From Samuel Adams's calls for revolution in the 1700s, to Frederick Douglass's antislavery orations of the following century, to Senator John F. Kerry's concession in the 2004 presidential race, Boston's Faneuil Hall is one of America's most storied public stages.
Across the street at City Hall, Councilor Stephen J. Murphy sees the building as "the best deal in town."
Now he wants the city to charge more. Murphy chairs the Ways and Means Committee, and he, along with Mayor Thomas M. Menino, has been on the hunt for cash to buttress the city's budget for fiscal 2009.
But Murphy's most recent proposal, to substantially raise the fees for renting out Faneuil Hall's meeting space, brought rebuke from some fellow councilors yesterday who see the brick building with its famous grasshopper watching over the city as all-but-hallowed space.
"I think it should be free," Councilor John Tobin said. "It's a public building.

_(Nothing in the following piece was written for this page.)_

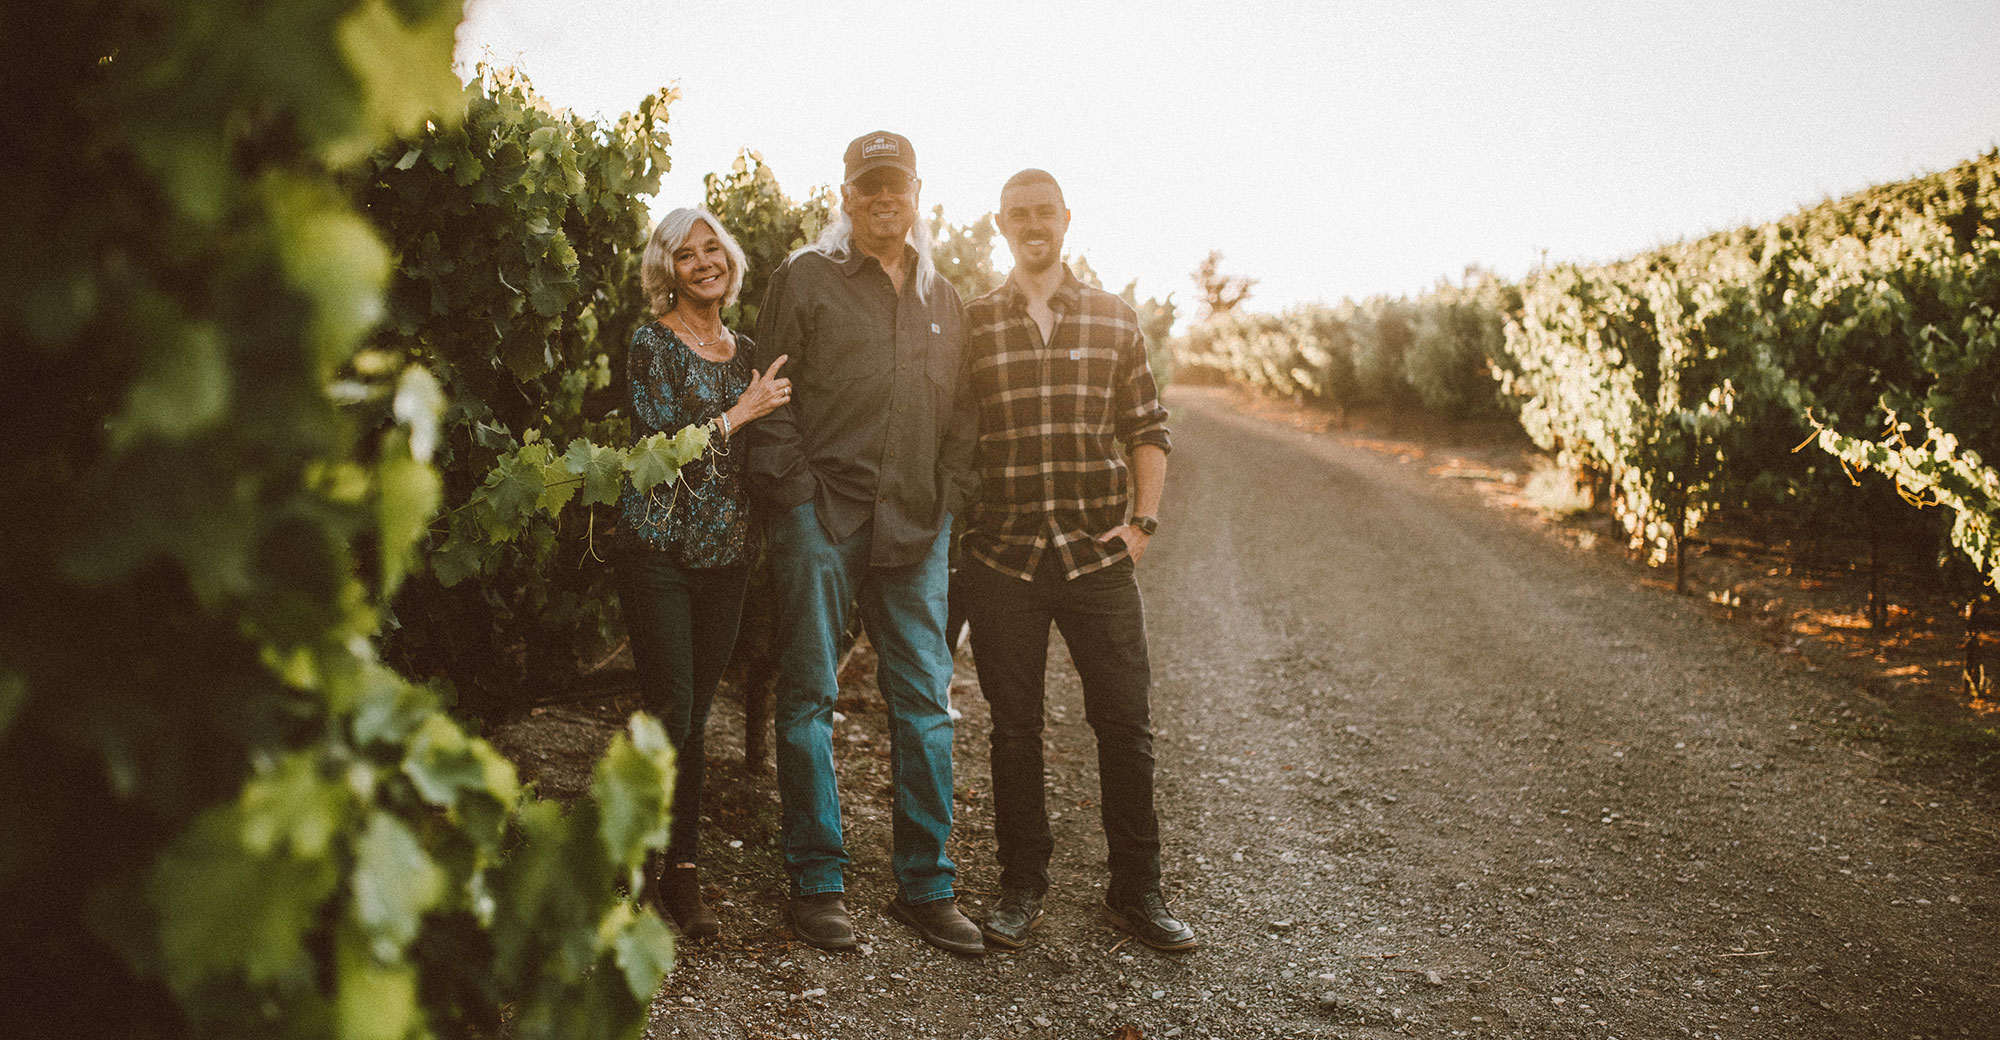 Carhartt Family in Vineyard

It's the people's building, really."
Murphy insists he's not looking to turn the cradle of liberty into a cash cow.
He said it costs the city much more to maintain the building than it collects in rental fees, currently capped at $150 per hour for a minimum of four hours. Murphy's proposed ordinance, which yesterday was referred to committee, would increase the maximum charge for renting the iconic building's Great Hall to $500 an hour.

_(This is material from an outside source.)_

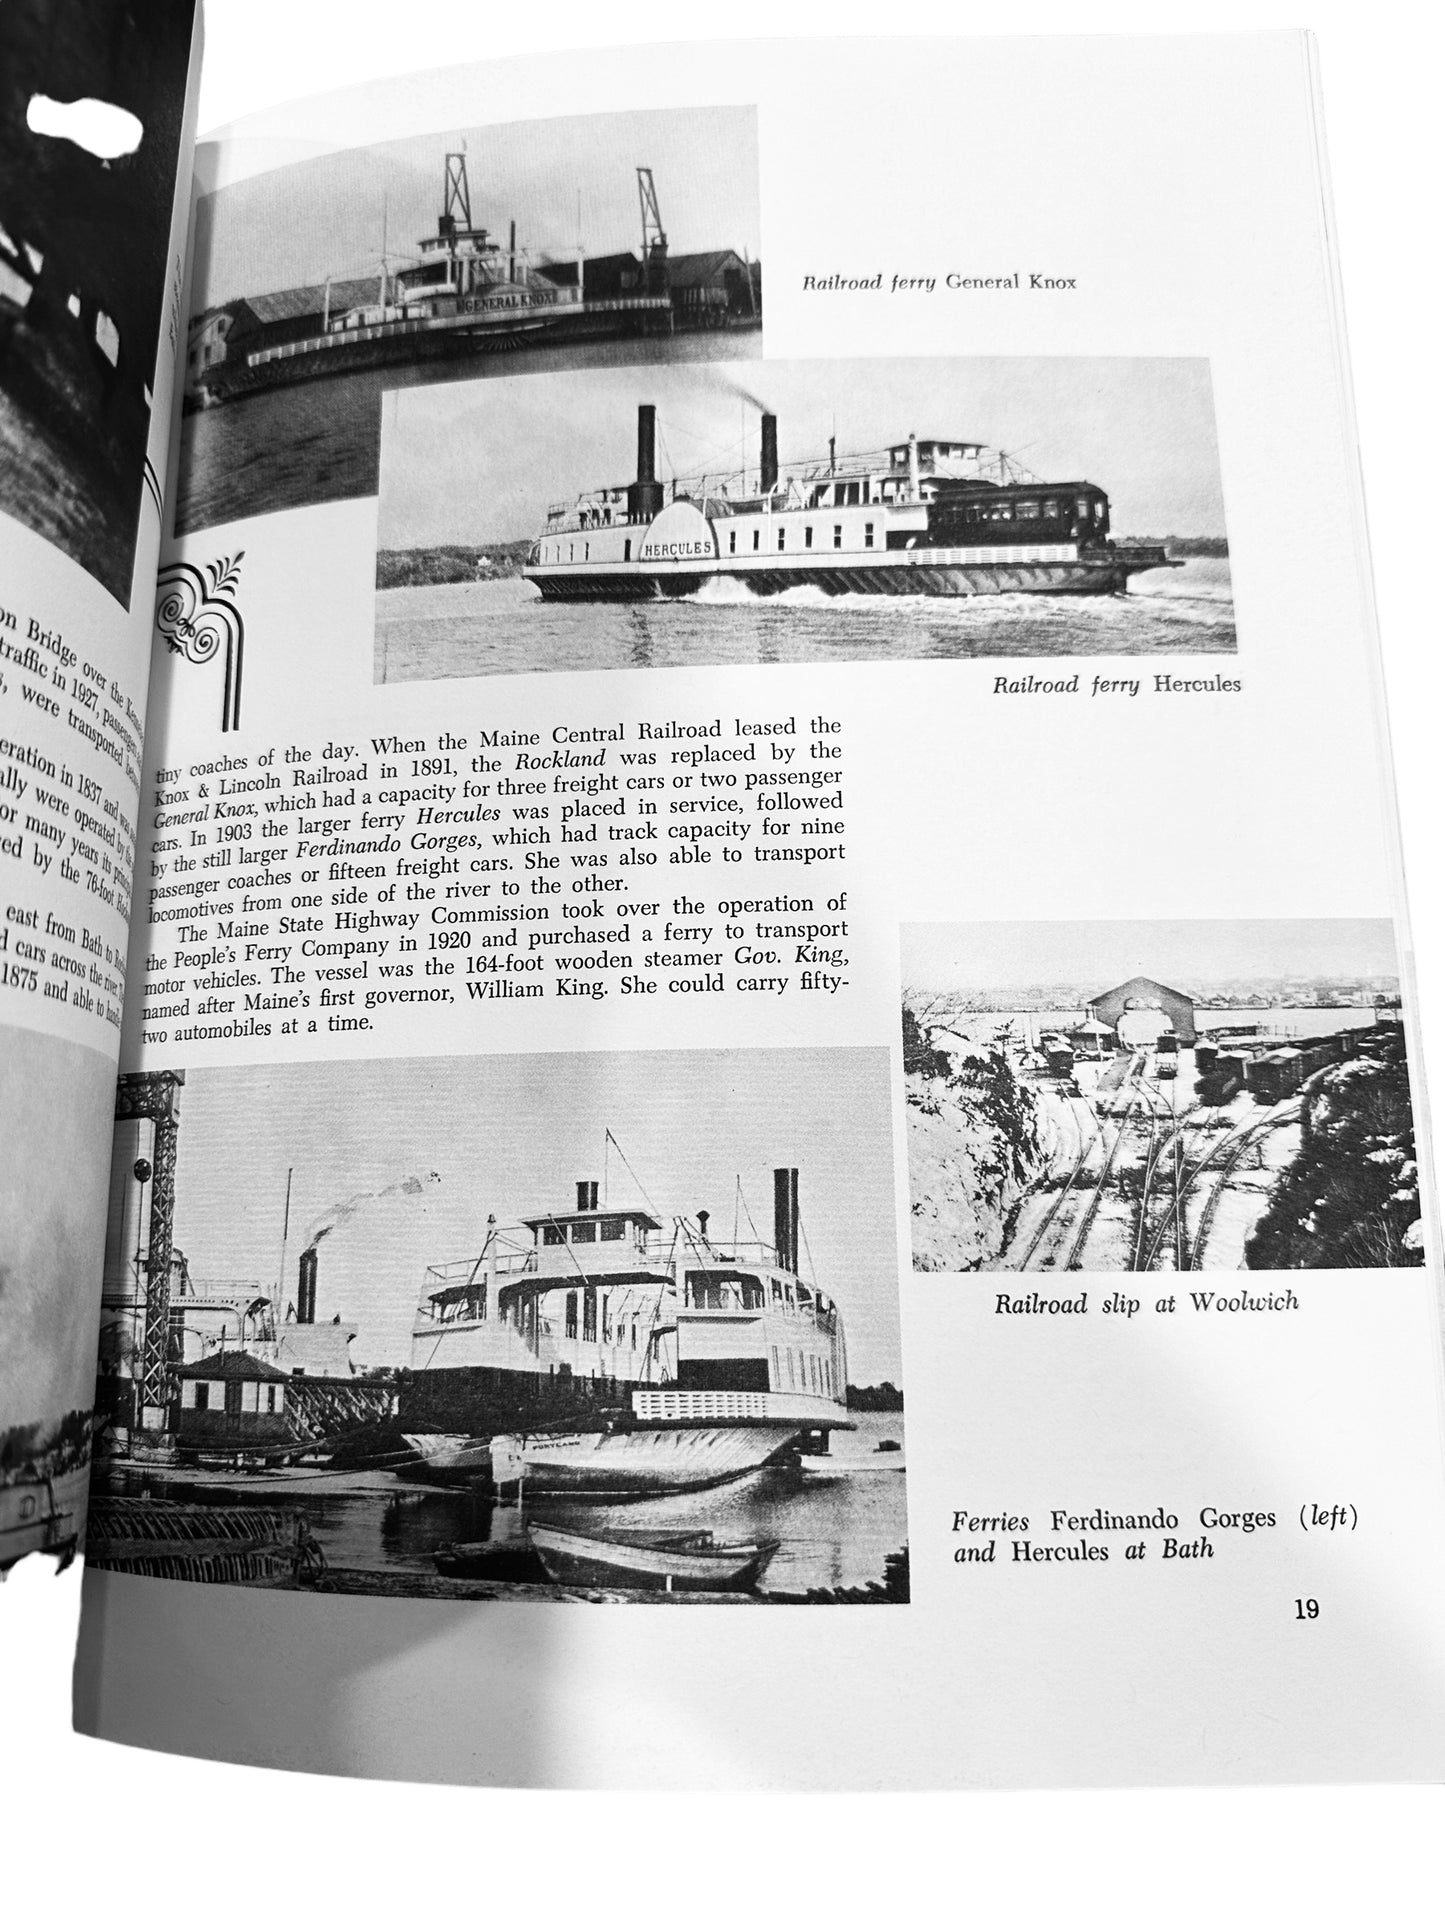 1971 Vintage Kennebec Steamboat Album of Boothbay Harbor

"This is the real world, and we can't be giving anything away anymore," Murphy said.
City officials were unable yesterday to provide the annual Faneuil Hall rental fees collected from groups.
The Faneuil Hall proposal is just one of several efforts Menino, Murphy, and other councilors have proposed to generate more revenue for the city. Last week, Menino released his $2.42 billion budget proposal, which relied in part on a initiative to increase certain downtown parking fines to as high as $100.

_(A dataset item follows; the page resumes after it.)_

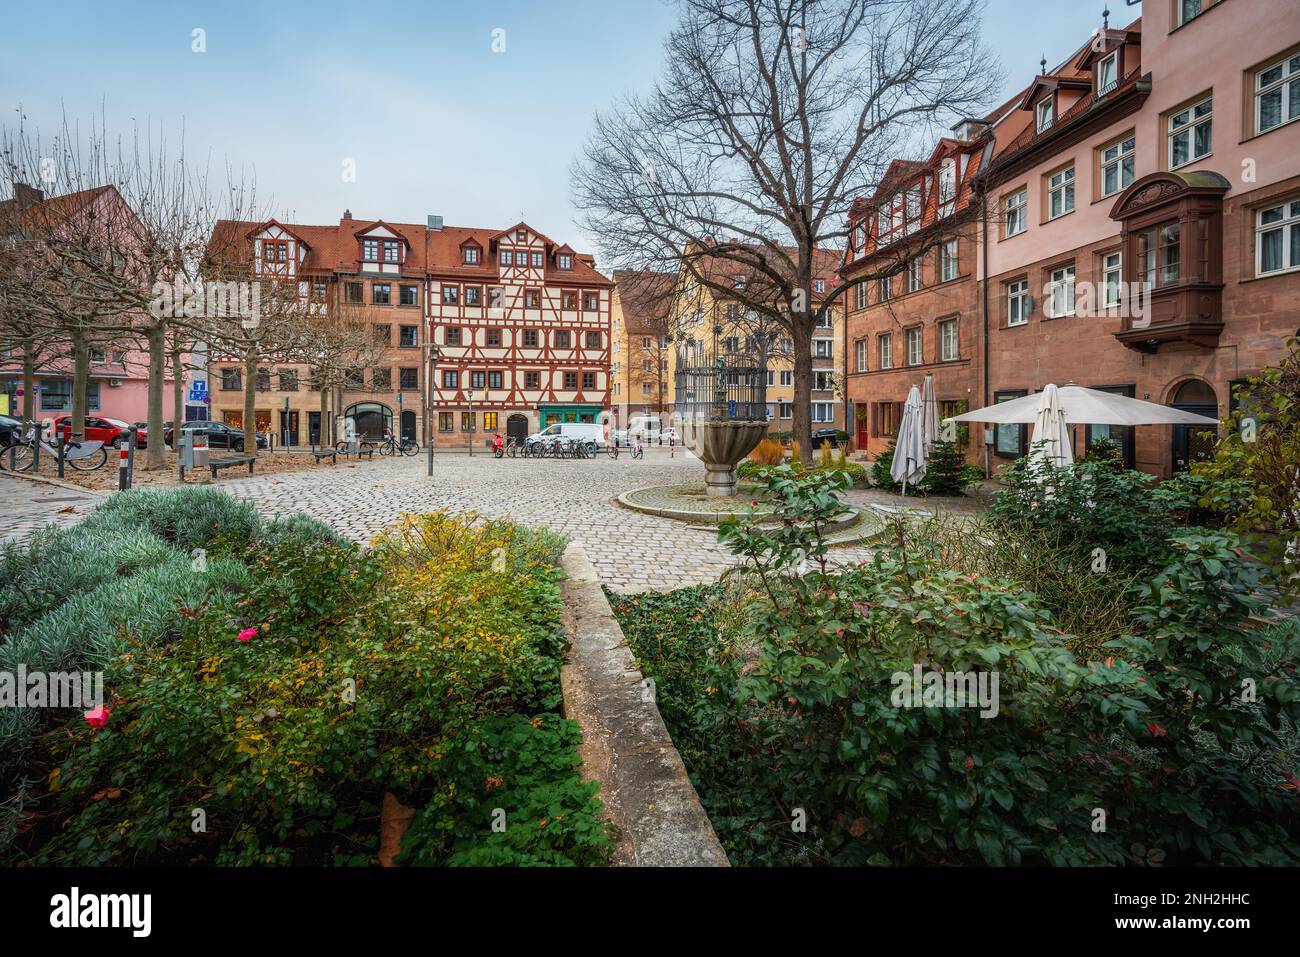 Unschlittplatz Square - Nuremberg, Bavaria, Germany Stock Photo

Also yesterday, Murphy reintroduced a proposal to pressure colleges and universities to contribute more money to the city annually. Land owned by colleges and universities in the city is mostly tax exempt under state and federal law. But they annually contribute so-called payments-in-lieu-of-taxes. The amount of the voluntary payments vary widely among institutions, Murphy said. He wants to ask the Legislature to end colleges' tax-exempt status, a proposal he readily acknowledged was "a long shot."
Murphy's colleagues on the council mostly support the idea of at least working with colleges to increase their annual payments. "Harvard could run our operating budget for 20 years" out of its endowment alone, Councilor Michael Ross said, explaining his support for the plan.
But no councilors volunteered support for Murphy's idea of raising the rent at Faneuil Hall.
"I think there's something very positive about the capital city of Massachusetts having a historical hall that groups can rent for a very reasonable price in this day and age," said Councilor Chuck Turner.
Councilor Charles Yancey suggested the city look into raising the fees paid by commercial tenants of Quincy Market before hiking fees for users of the public hall.
"I would like to maintain the character of Faneuil Hall," Yancey said. "It's something that everyone in the city can treasure. I don't see it as a revenue generator."
Murphy scoffed at the councilors' objections.
"These are the same people who want to add money to the budget for anything from A to Z. . . . And then you put a proposal in to save money, so we can kick additional money into their priorities, and they fight you on it," he said. "As blessed as we are to have Faneuil Hall, it's still a bargain and a blessing at $500 a rental.
"It's a piece of history you can buy at a bargain rate."